Me being back home is not relevant since prices quoted are from my mother who lives permanently in Sydney and her husband. Of course, prices are considerably higher if you live in some regional centre.


----------



## Zultan (Aug 4, 2009)

Sydney's rising house prices and rents


----------



## The Brit in Aus (Apr 25, 2009)

Zultan said:


> Sydney's rising house prices and rents


Note that the above link is about the City of Sydney.


> The average cost of a privately rented two-bedroom apartment in the City of Sydney - $600 a week


Most people live outside the City, and a three bed house with garden, can be from around $300-$350 pw with a 1 hour train trip to the City.

If money is an issue, it may be best to live somewhere that is affordable.

Buying property in the general Sydney area, rather than inner city, and you find that the prices haven't really changed *that* much...










That is for the established houses.

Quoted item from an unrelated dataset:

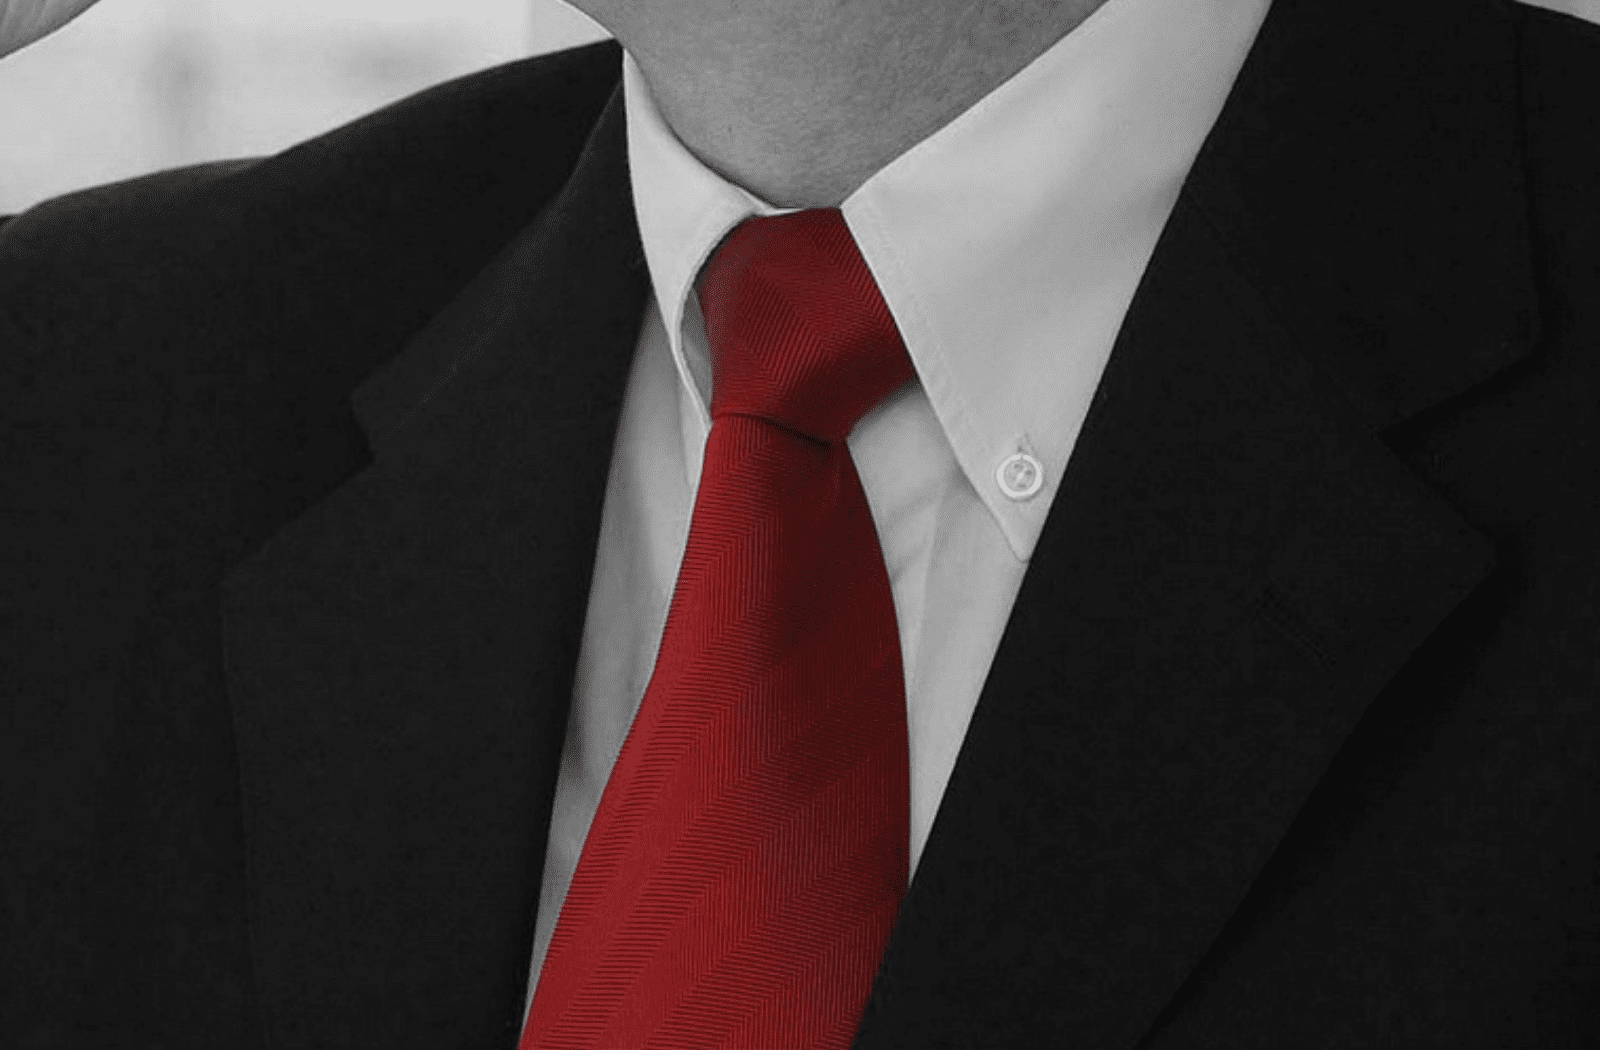 mirror cheat index finger Can you wear a red tie with a black suit? Experts Chime In!
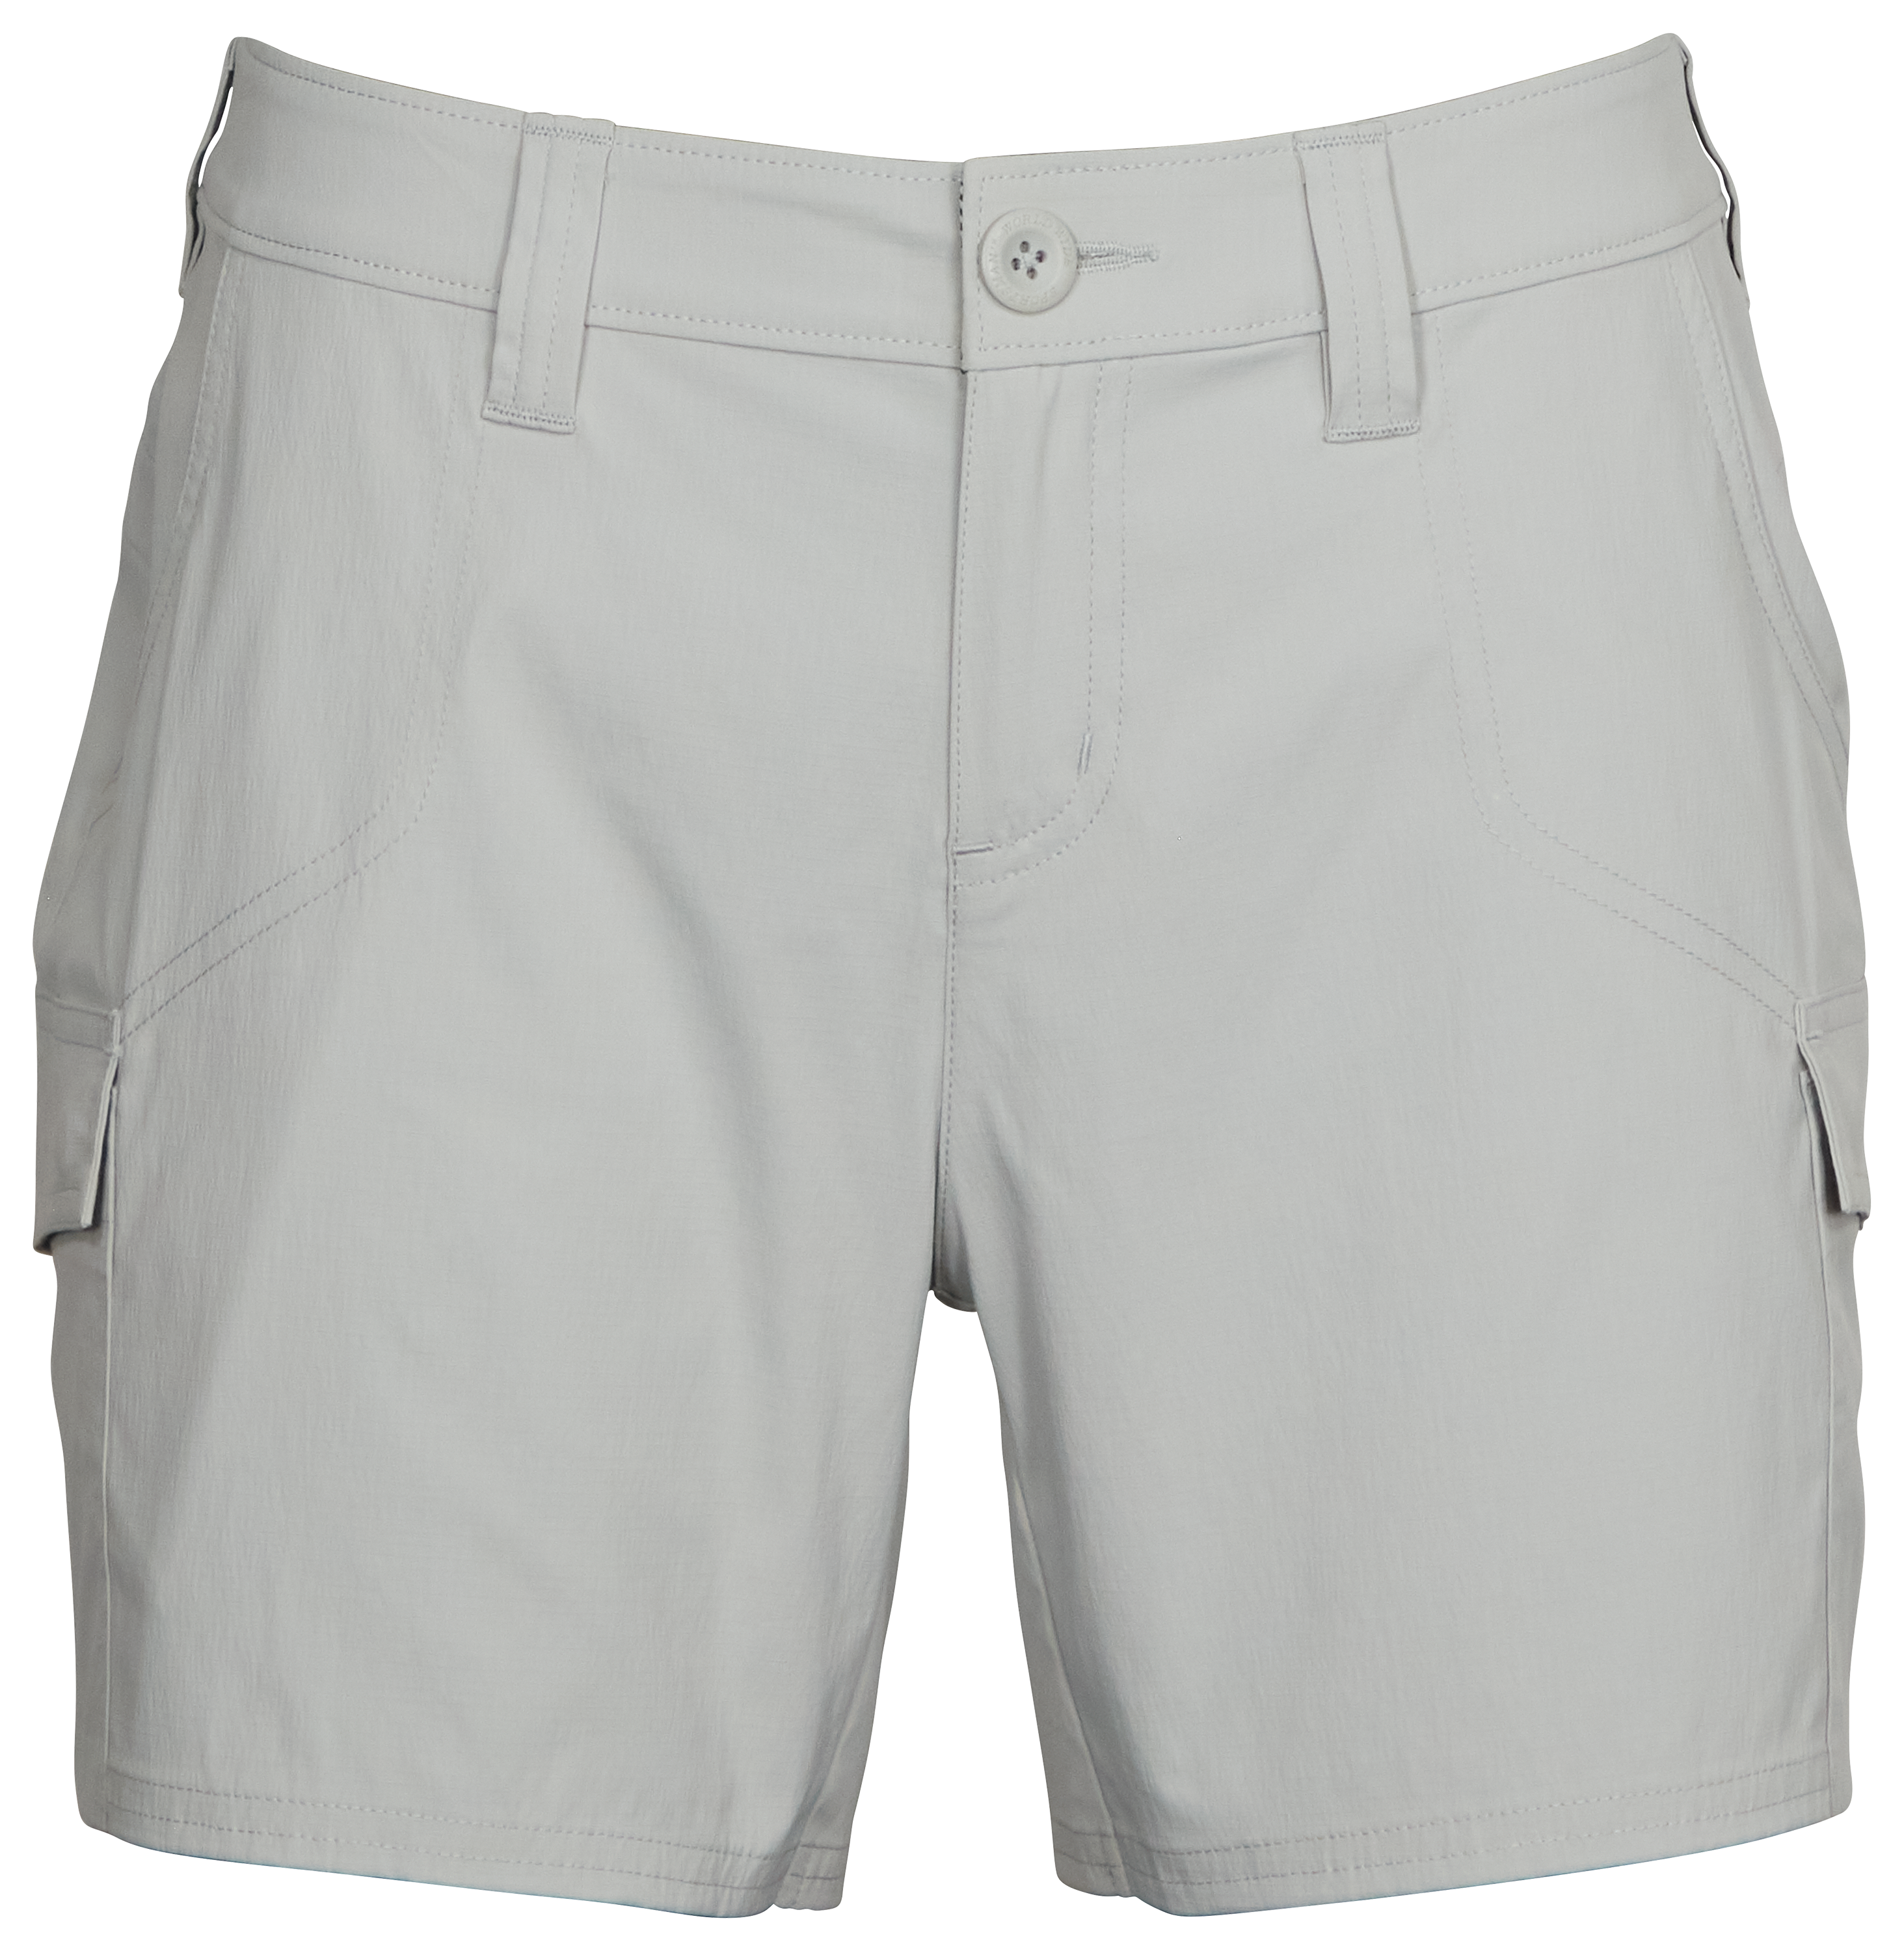 World Wide Sportsman Ripstop Cargo Shorts for Ladies - High Rise - 14

New houses prices are probably higher, but then they also tend to have 5 bedrooms, media room etc etc... (ie: The necessities of modern living)


----------



## amaslam (Sep 25, 2008)

You also need to make a distinction. The City of Sydney and Sydney are not actually the same thing 

I know that sounds wrong, but City of Sydney refers to the CBD of Sydney and is managed by the council called 'City of Sydney'. 

'Sydney' is actually a much larger area made up of many large councils. 

Some of these councils: Ryde, Paramatta, Warringah, Pittwater, Willoughby.

These in turn cover many suburbs that make up Sydney.

It still might be confusing, so I offer this link to Wikipedia:
Regions of Sydney - Wikipedia, the free encyclopedia

You'll notice 'City' is just one of the regions of Sydney itself and that is what is referred to when articles say 'City of Sydney'. If an article refers to 'Sydney' without the 'City of' part then it will be talking about the much larger area made of many councils.

***
And in relation to real estate pricing the regions of Sydney have different pricing performance and characteristics so any article like this always need to be taken with a grain of salt (whether positive or negative). 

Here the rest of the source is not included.